On the webpages of Gigaom we’re constantly talking about mobile data, the mobile internet and mobile broadband, but the mobile carriers have always lived in a voice-centric world. The importance of smartphones and LTE can’t be ignored, but the fact remains voice always has been the principal source of the mobile carriers’ paychecks.
We’re approaching a crossover point in the U.S., however, at which data becomes a bigger revenue driver than voice. According to a new report from Chetan Sharma Consulting, that crossover point will likely be the current quarter. For the third quarter, data accounted for 48 percent of all U.S. mobile industry service revenues, and that percentage is growing quickly. Carriers took in $22.8 billion from data in Q3, up 5 percent from the previous quarter and 15 percent year over year.
Verizon(s vz)(s vod), AT&T(s t) and Sprint(s s) have all crossed over the 50 percent mark already, while T-Mobile(s tmus) and regional carriers are catching up, Sharma said. Because the holiday quarter is always a big one not only for smartphone sales but data plan activations, U.S. carriers are easily on pace to haul in $90 billion in mobile data revenues. If that happens, Sharma said, voice revenue will officially begin receding in the rearview mirror, and 2014 will the be the first full year that mobile data took in more money than voice.
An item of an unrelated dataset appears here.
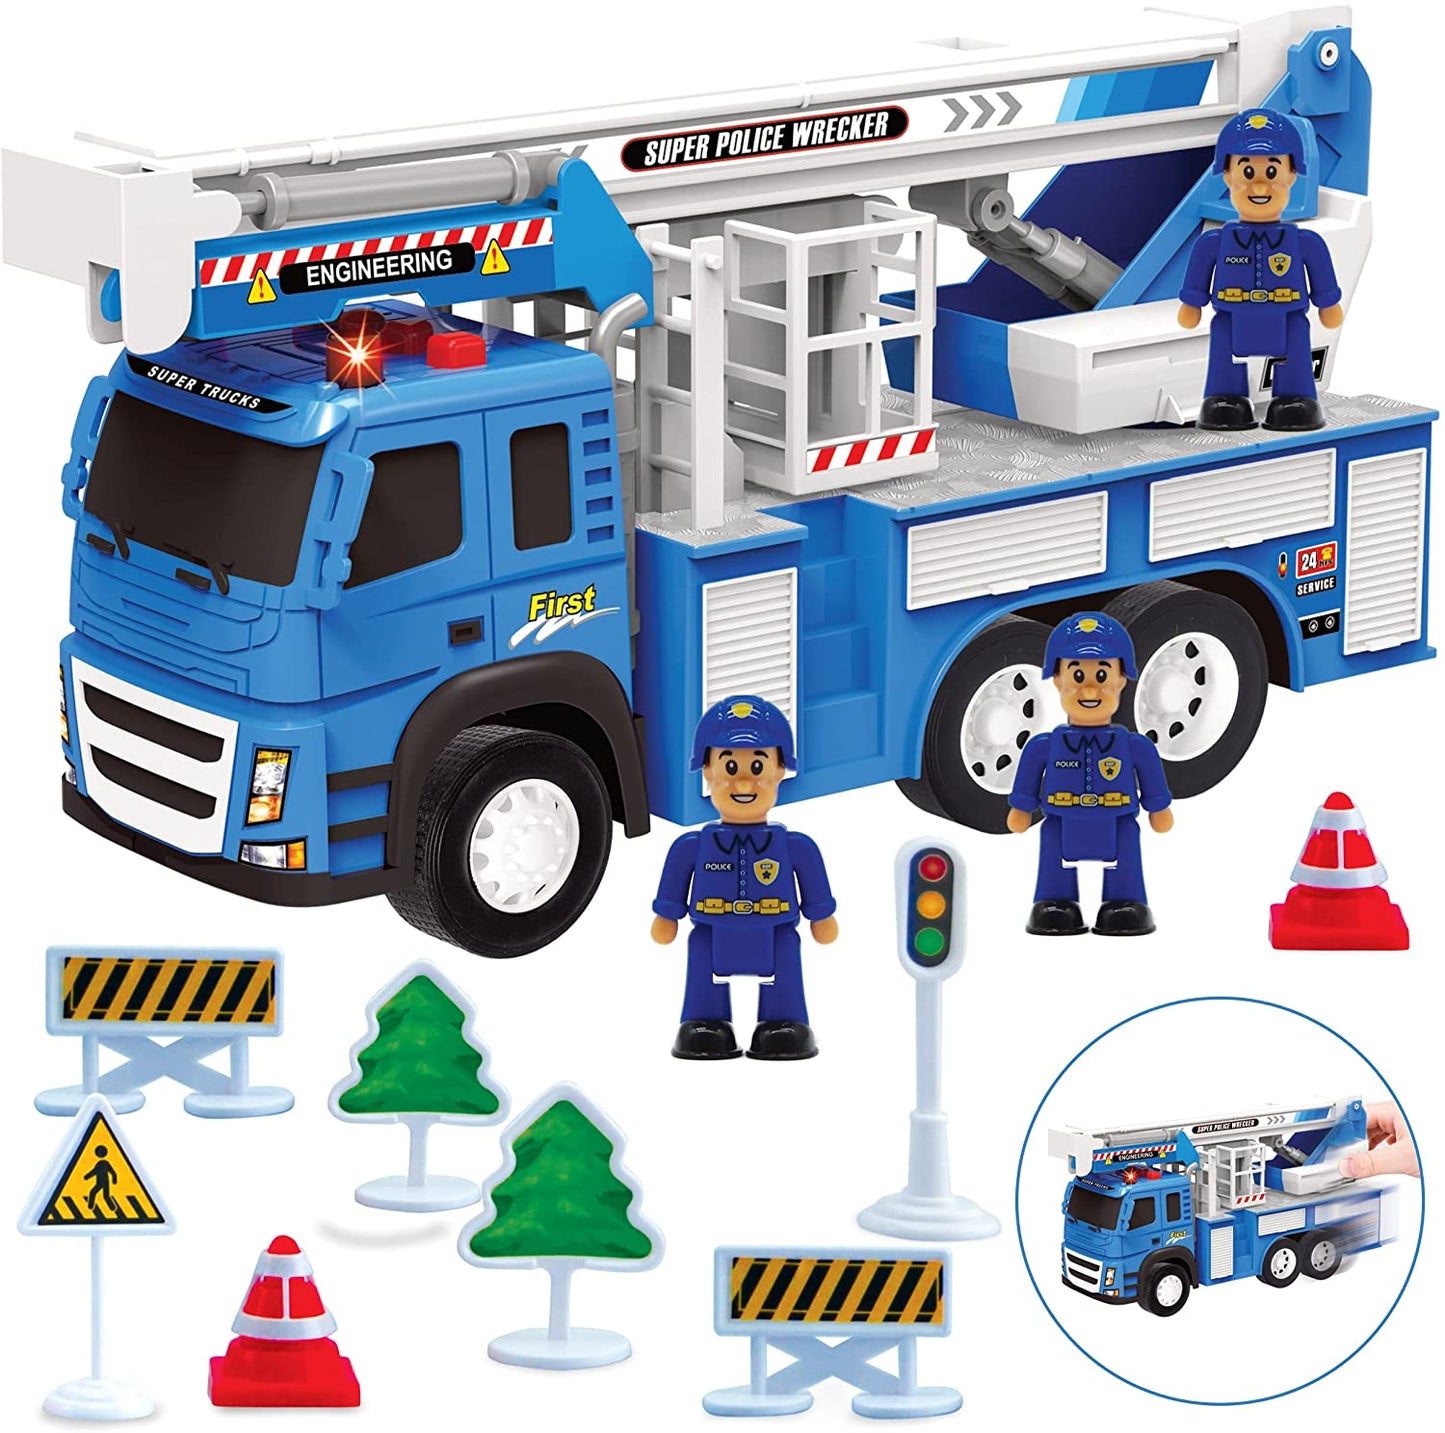 1:12 Scale Police Truck Toy Playset with Realistic Vehicle, Police Officers and Road Signs
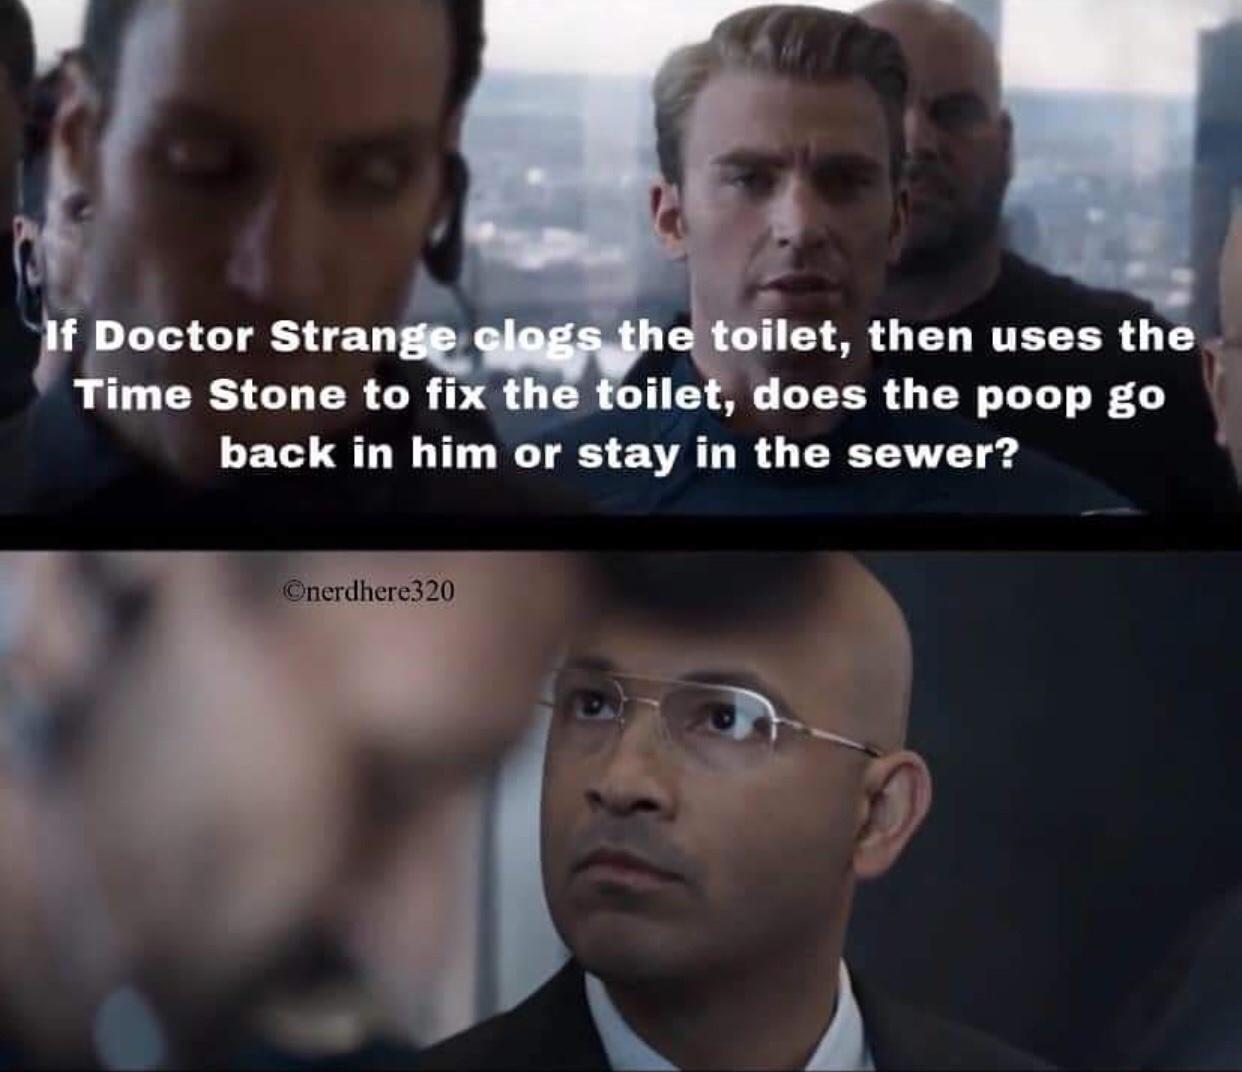 photo caption - If Doctor Strange clogs the toilet, then uses the Time Stone to fix the toilet, does the poop go back in him or stay in the sewer? nerdhere320

It’s easy to see this trend playing out in the carriers’ pricing plans and network operations. AT&T and Verizon are no longer segmenting voice and SMS in their plans any more – if you buy a smartphone the only thing you really get to pick is how big a bucket of megabytes you’ll need. T-Mobile and AT&T are shutting down large portions of their 2G GSM capacity to make way for more LTE bandwidth, while Sprint shut down its voice-centric Nextel network completely. Though voice may have been carriers’ bread and butter until now, data long ago overtook voice as the primary source of traffic.